Zwei herausragende Mülheimer Bürger geehrt

Der Kulturausschuss hatte in seiner nichtöffentlichen Sitzung am 5. September 2013 einstimmig beschlossen, den Ruhrpreis für Kunst und Wissenschaft der Stadt Mülheim an der Ruhr für das Jahr 2013 - Sponsor: Sparkasse Mülheim an der Ruhr an Prof. Dr. Benjamin List, Direktor am Max-Planck-Institut für Kohlenforschung und an Eberhard Ross, international beachteter Maler zu vergeben. Am Sonntag, 15. Dezember 2013, wurde der diesjährige Ruhrpreis für Kunst und Wissenschaft nun im Foyer der Sparkasse Mülheim an der Ruhr feierlich verliehen.

Verleihung des Ruhrpreises für Kunst und Wissenschaft der Stadt Mülheim an der Ruhr für das Jahr 2013 - Sponsor Sparkasse Mülheim an der Ruhr. (v.l.) Prof. Dr.
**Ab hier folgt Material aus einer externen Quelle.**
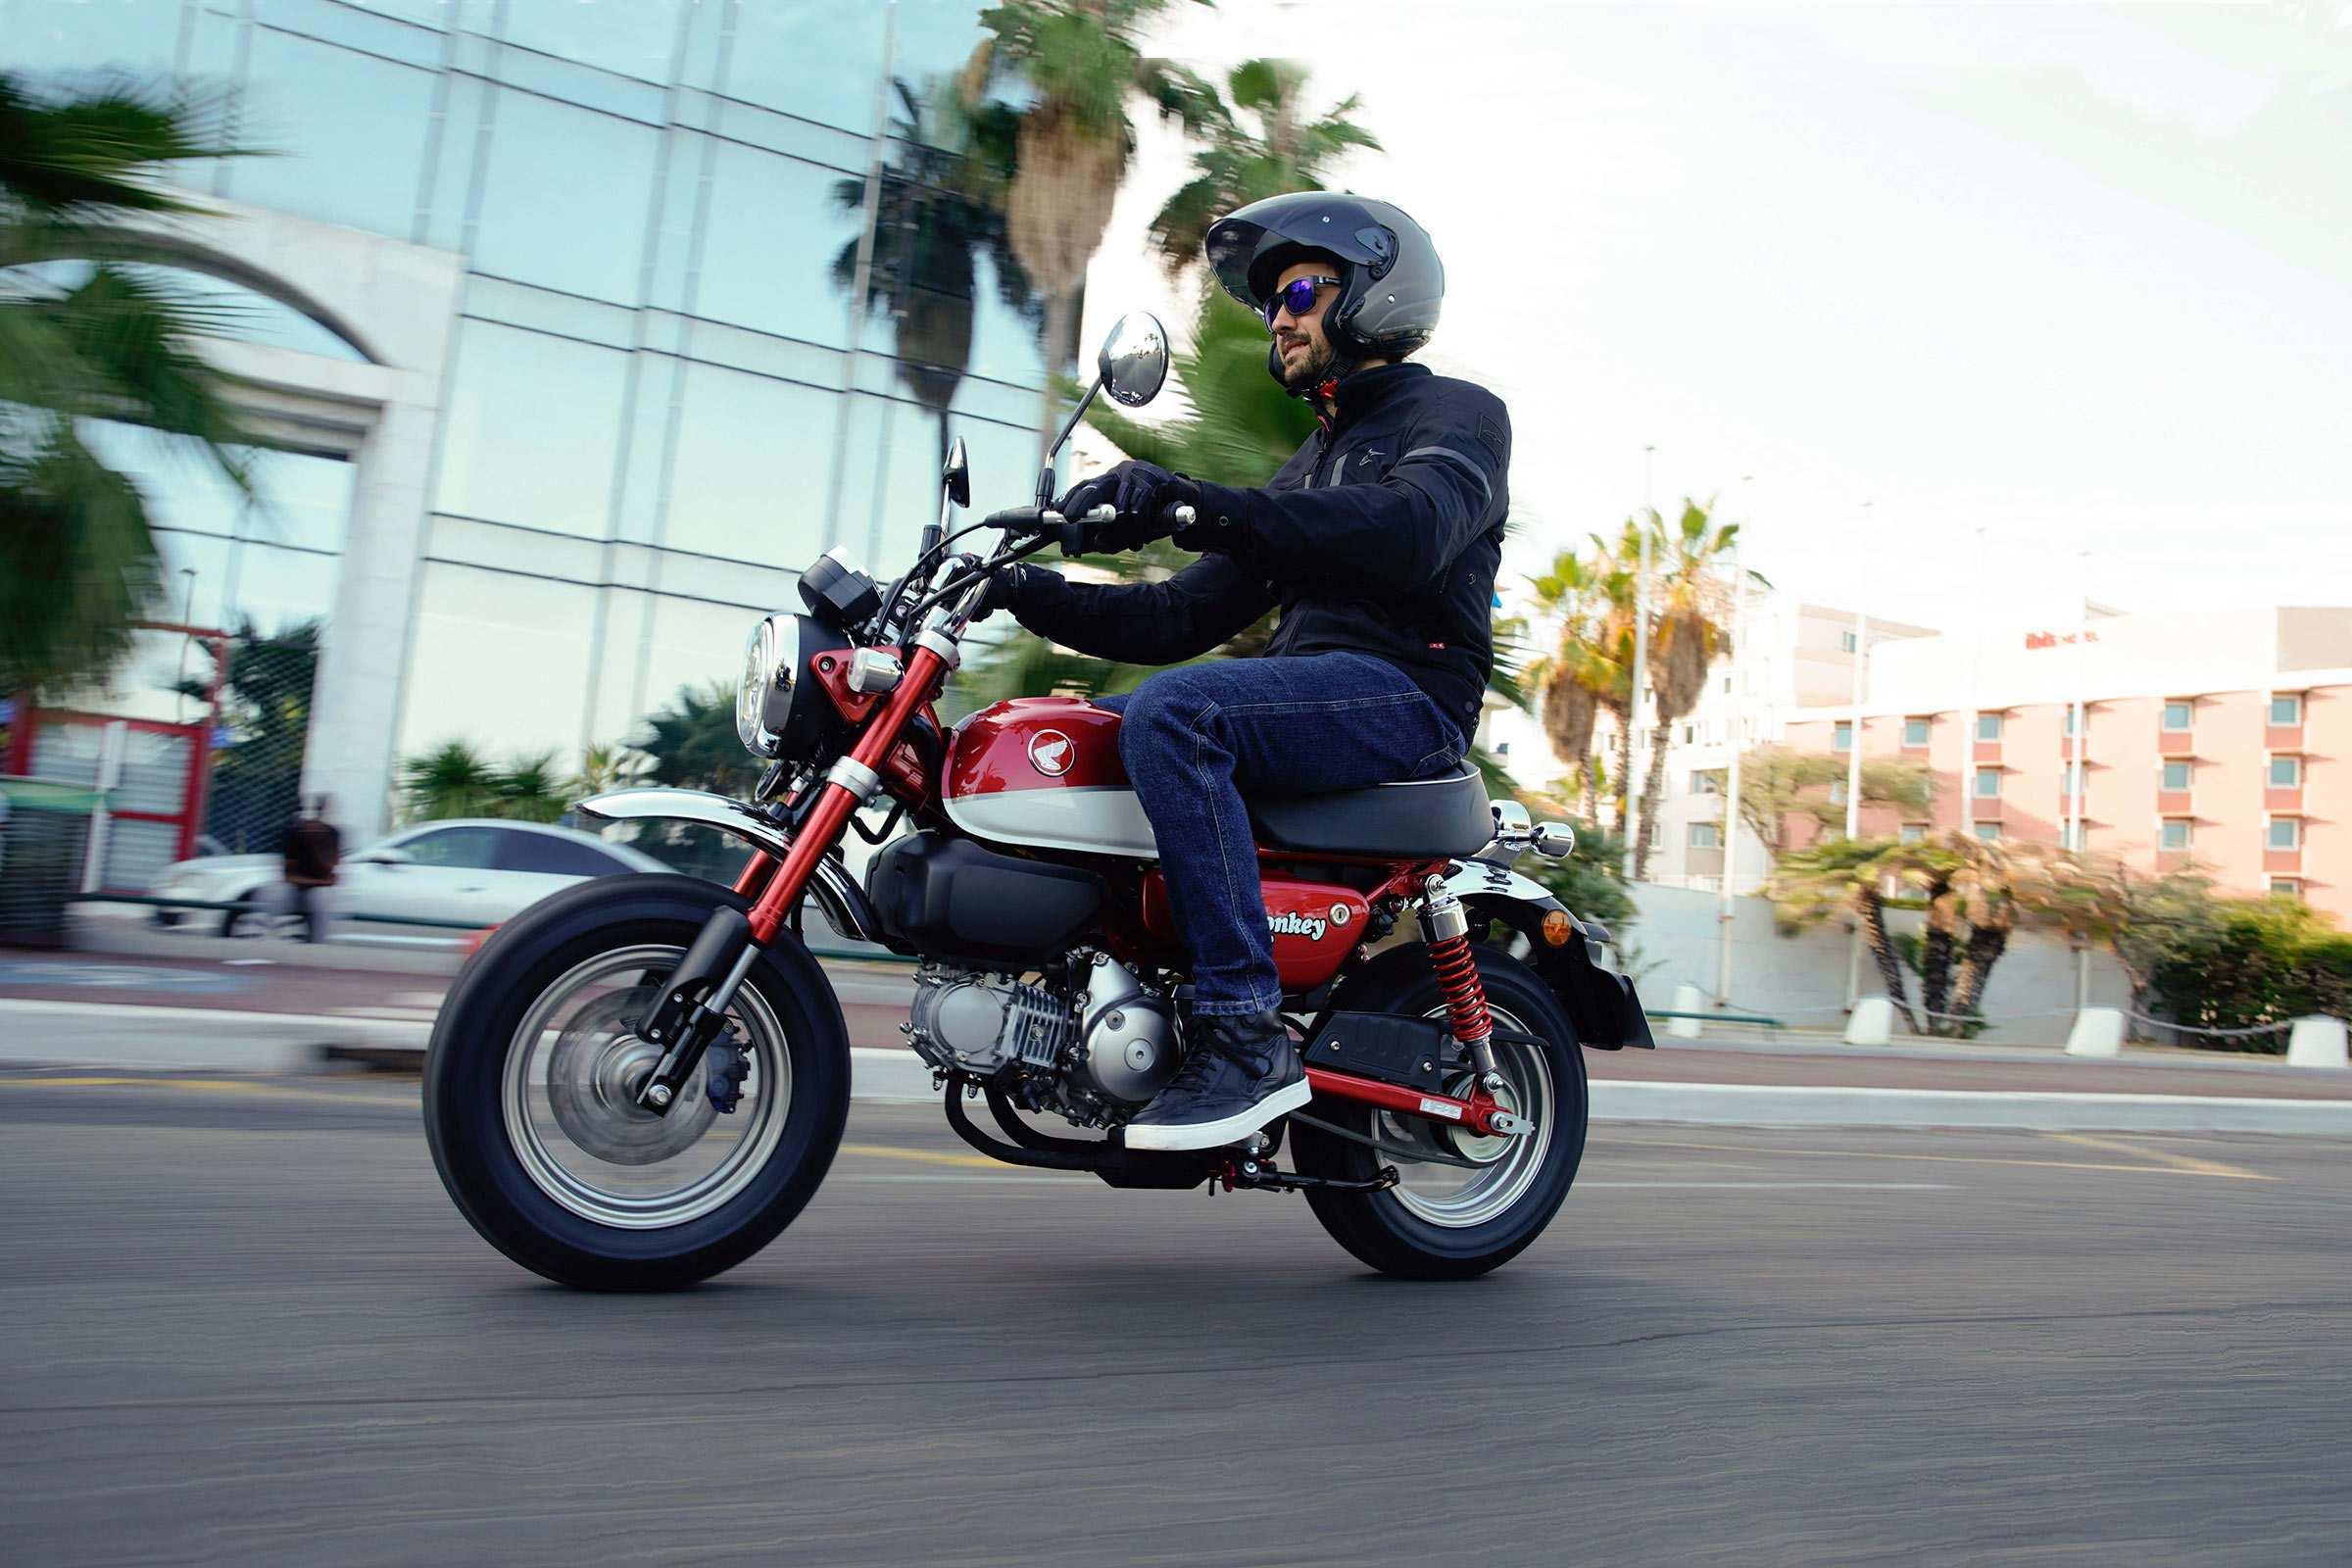 81 New Monkey Honda 2019 Price Price with Monkey Honda 2019 Price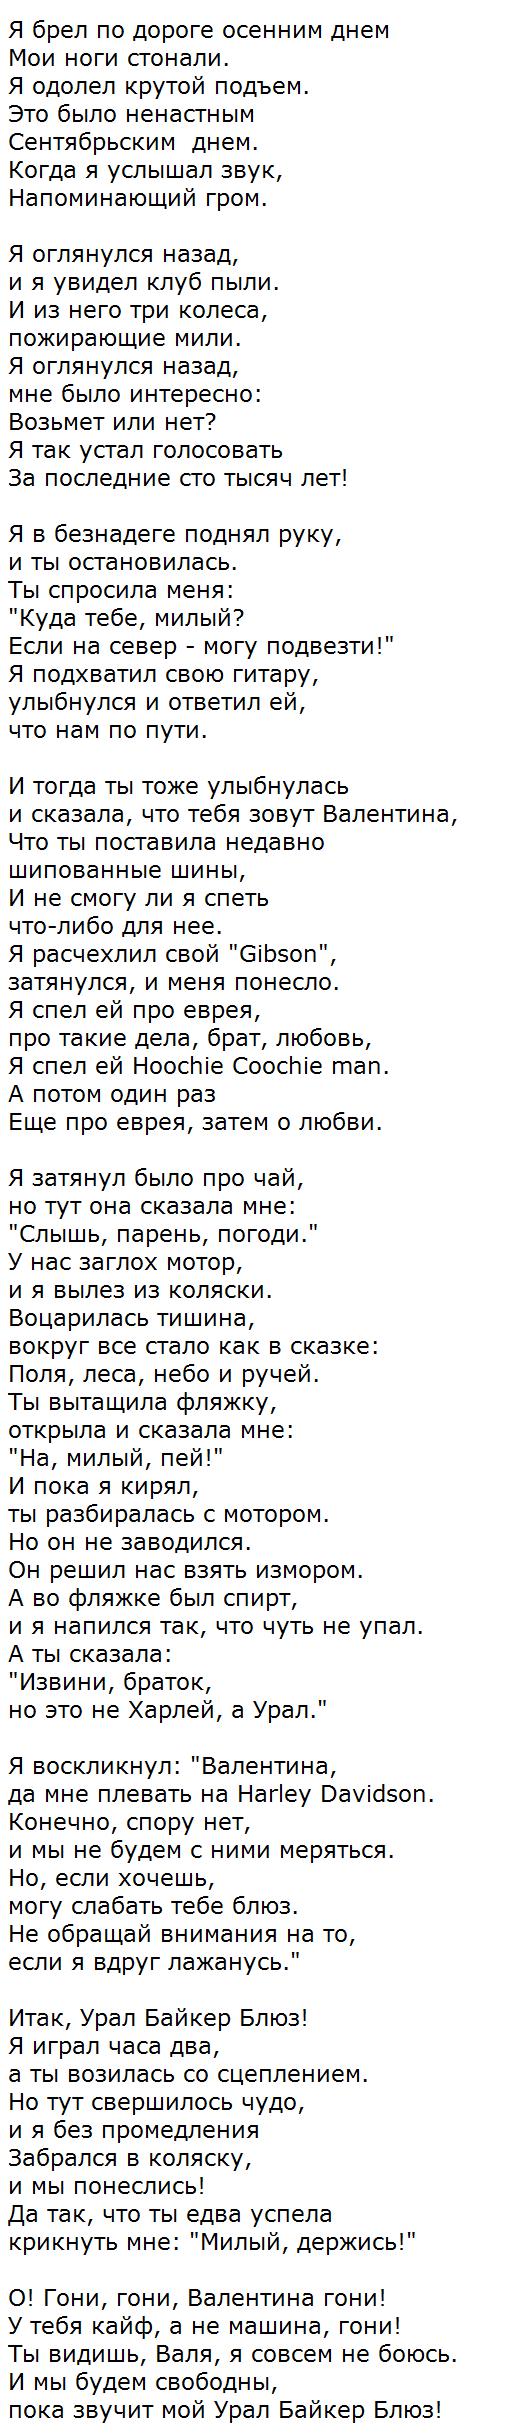 Чиж - Уралбайкерблюз

Benjamin List, OB Dagmar Mühlenfeld, Eberhard Ross, Martin Weck.  15.12.2013 Foto: Walter Schernstein

Verleihung des Ruhrpreises für Kunst und Wissenschaft der Stadt Mülheim an der Ruhr für das Jahr 2013 - Sponsor Sparkasse Mülheim an der Ruhr. (von links) Prof. Dr. Benjamin List, Oberbürgermeisterin Dagmar Mühlenfeld, Eberhard Ross, Sparkassenvorstand Martin Weck. (Fotos: Walter Schernstein)


Oberbürgermeisterin Dagmar Mühlenfeld sagt in ihrer Begrüßungsrede (Foto unten) "Auszeichnen, das heißt ein Zeichen setzen. Und das wollen wir mit der Verleihung des Ruhrpreises auch tun: ein Zeichen setzen für die große Bedeutung, die wir sowohl der Kunst als auch der Wissenschaft in unserer Stadt beimessen. Und auch ein Ausrufungs-Zeichen für die kreative, künstlerische und gesellschaftliche Kraft, die von unseren Preisträgern ausgeht." Die gesamte Rede der OB finden Sie zum Nachlesen in der beigefügten pdf-Datei.

Die Laudatio auf seinen Freund und Kollegen vom Max-Planck-Institut hielt Prof. Ferdi Schüth vom MPI für Kohlenforschung und Ruhrpreisträger 2010: „Chemiker sind die Künstler des Atomaren“, sagte er vor zahlreichen - auch dank der vielen anwesenden MPI-Wissenschaftler sehr internationalen - Gästen. Dr. Gabriele Uelsberg, ehemalige Leiterin des Mülheimer Kunstmuseums, würdigte Eberhard Ross und hob dabei die naturwissenschaftliche Anbindung seiner Arbeiten hervor, die sie als „Bionic-Art“ bezeichnete.

Verleihung des Ruhrpreises für Kunst und Wissenschaft der Stadt Mülheim an der Ruhr für das Jahr 2013 - Sponsor Sparkasse Mülheim an der Ruhr.  15.12.2013 Foto: Walter Schernstein

Die Entscheidung zur Vergabe des Ruhrpreises ist wie folgt begründet worden:

Prof. Dr. Benjamin List
erhält den Ruhrpreis für Kunst und Wissenschaft für seine Pionierarbeiten auf dem Gebiet der Organokatalyse.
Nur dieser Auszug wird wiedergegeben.